**Your goal**. The answer is the exact run of lines in the listing below from the line containing "Rockford Fosgate Punch" up to and including the line containing "Yosemite National Park, California, Half", with pictures removed.
Extracted records below:
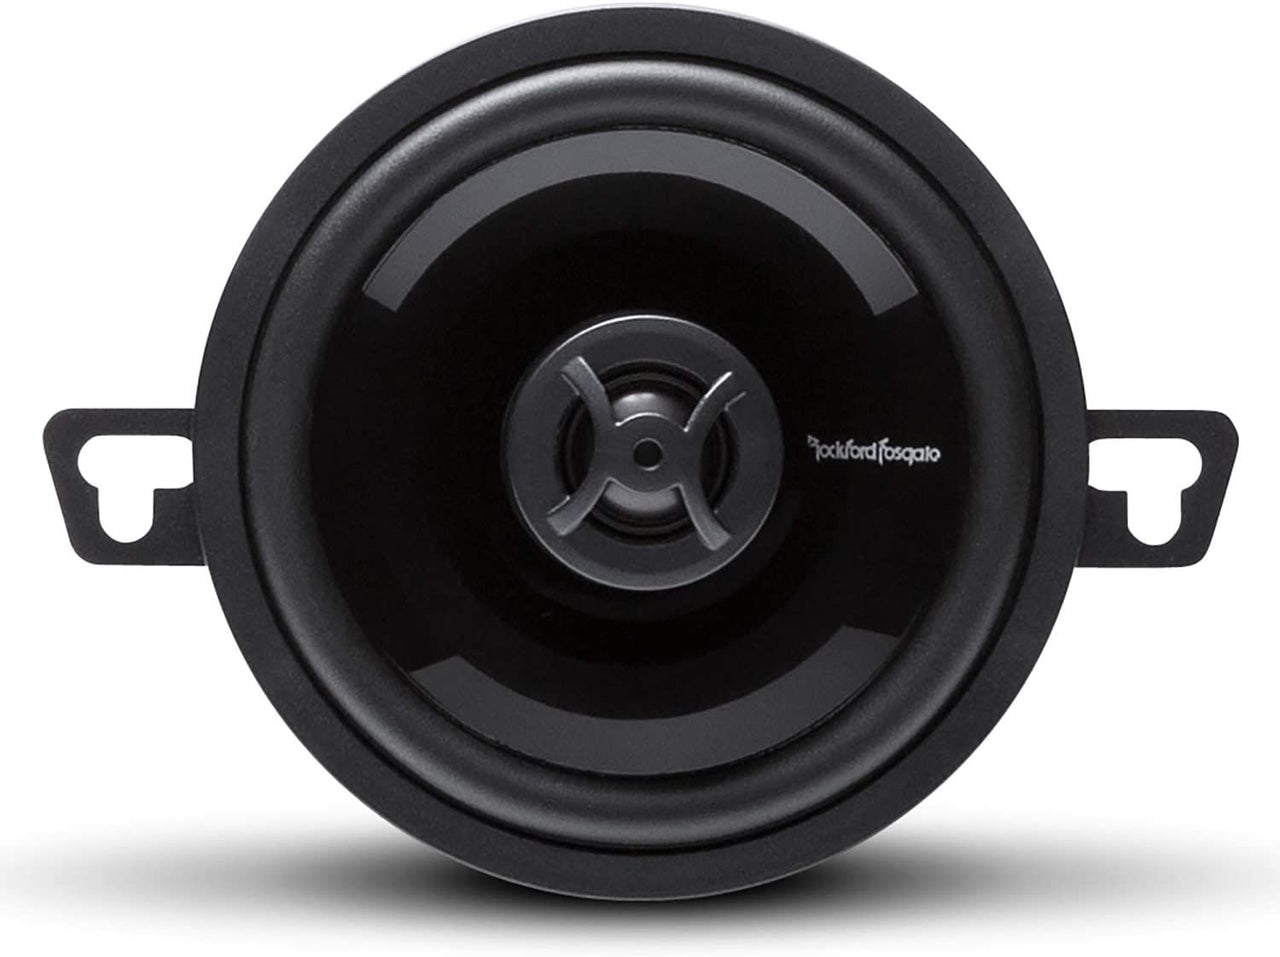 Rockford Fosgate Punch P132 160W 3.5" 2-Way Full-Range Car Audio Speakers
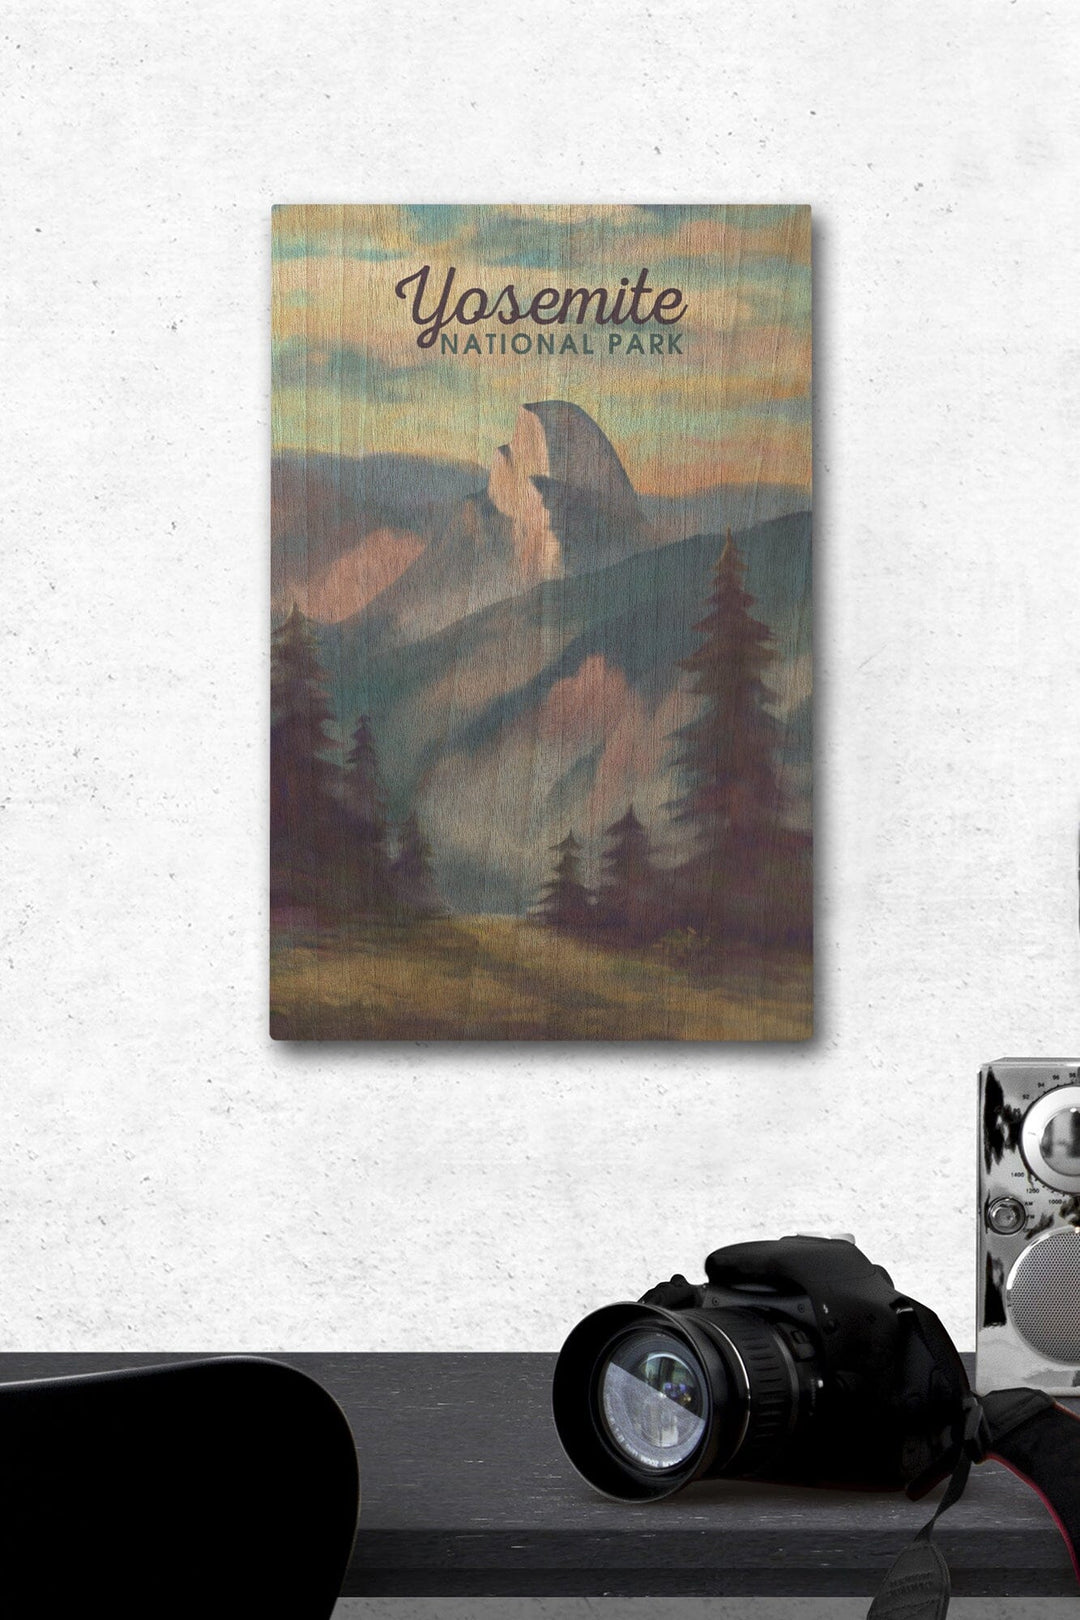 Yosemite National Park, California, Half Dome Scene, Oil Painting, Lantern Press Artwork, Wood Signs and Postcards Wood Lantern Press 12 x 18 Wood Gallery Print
End of Extracted records.
Extracted records below:
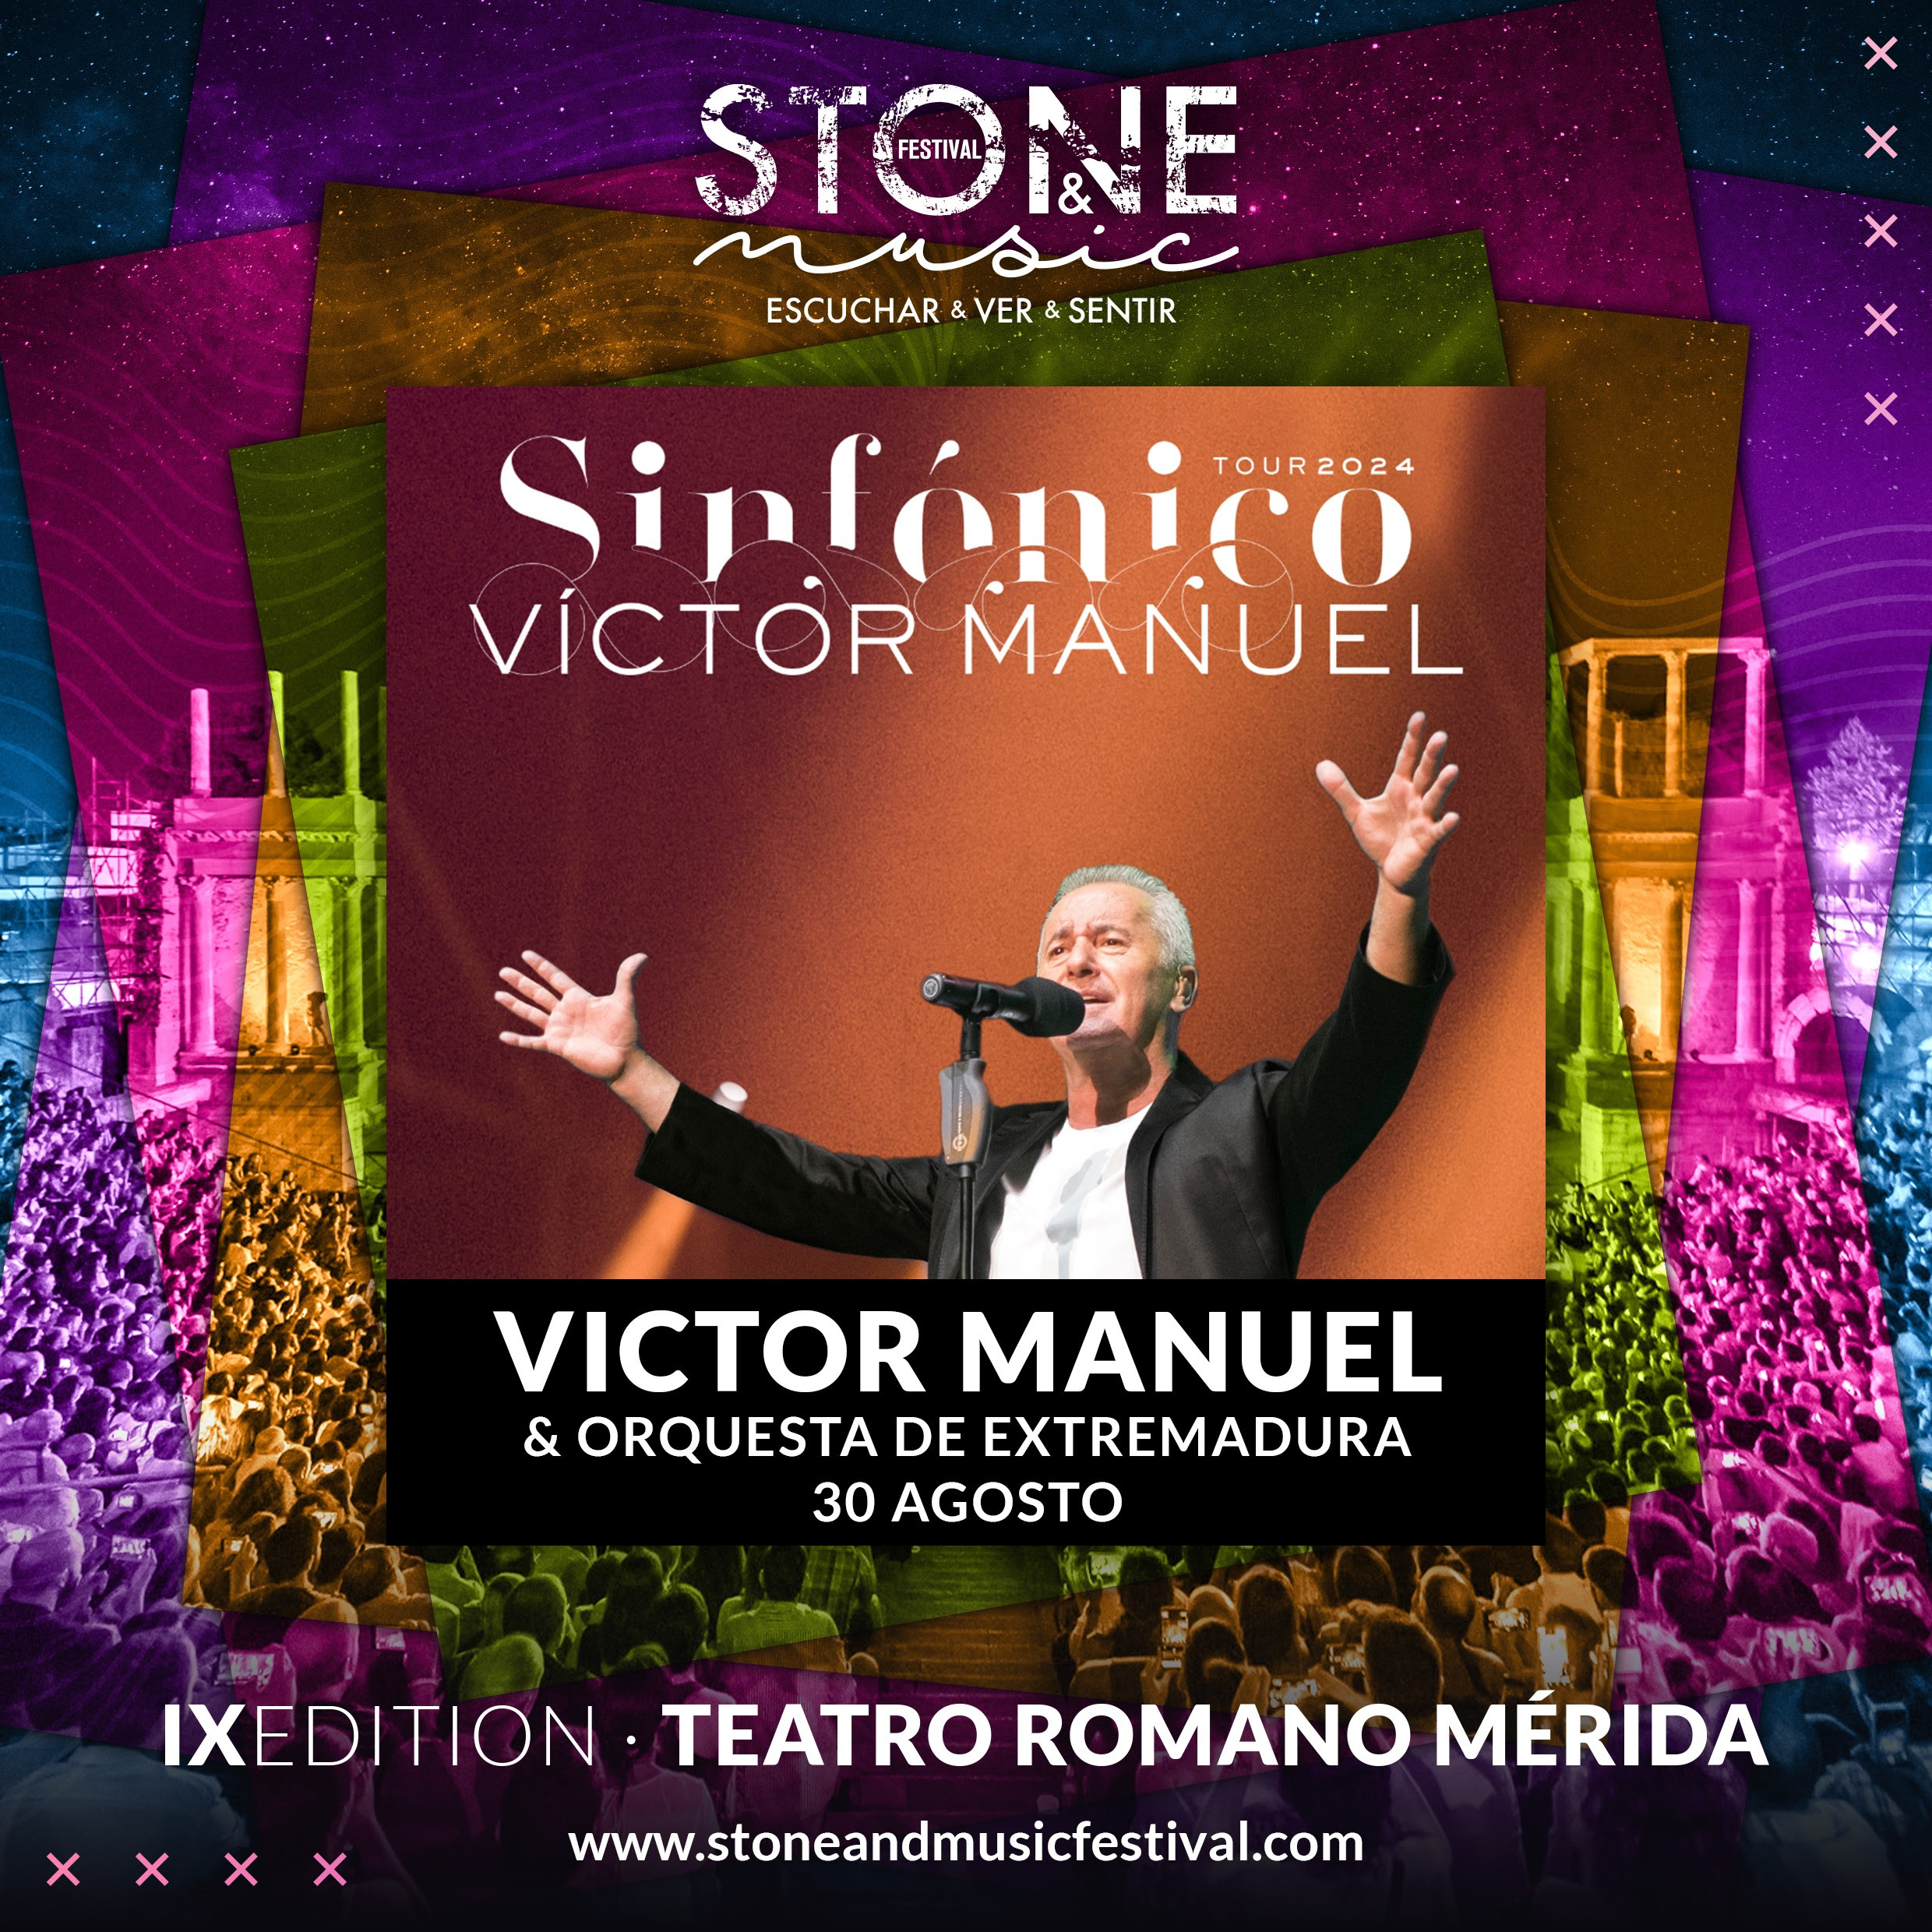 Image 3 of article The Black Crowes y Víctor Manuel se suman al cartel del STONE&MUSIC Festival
End of Extracted records.
**Response to the exercise**.
 Rockford Fosgate Punch P132 160W 3.5" 2-Way Full-Range Car Audio Speakers
 Yosemite National Park, California, Half Dome Scene, Oil Painting, Lantern Press Artwork, Wood Signs and Postcards Wood Lantern Press 12 x 18 Wood Gallery Print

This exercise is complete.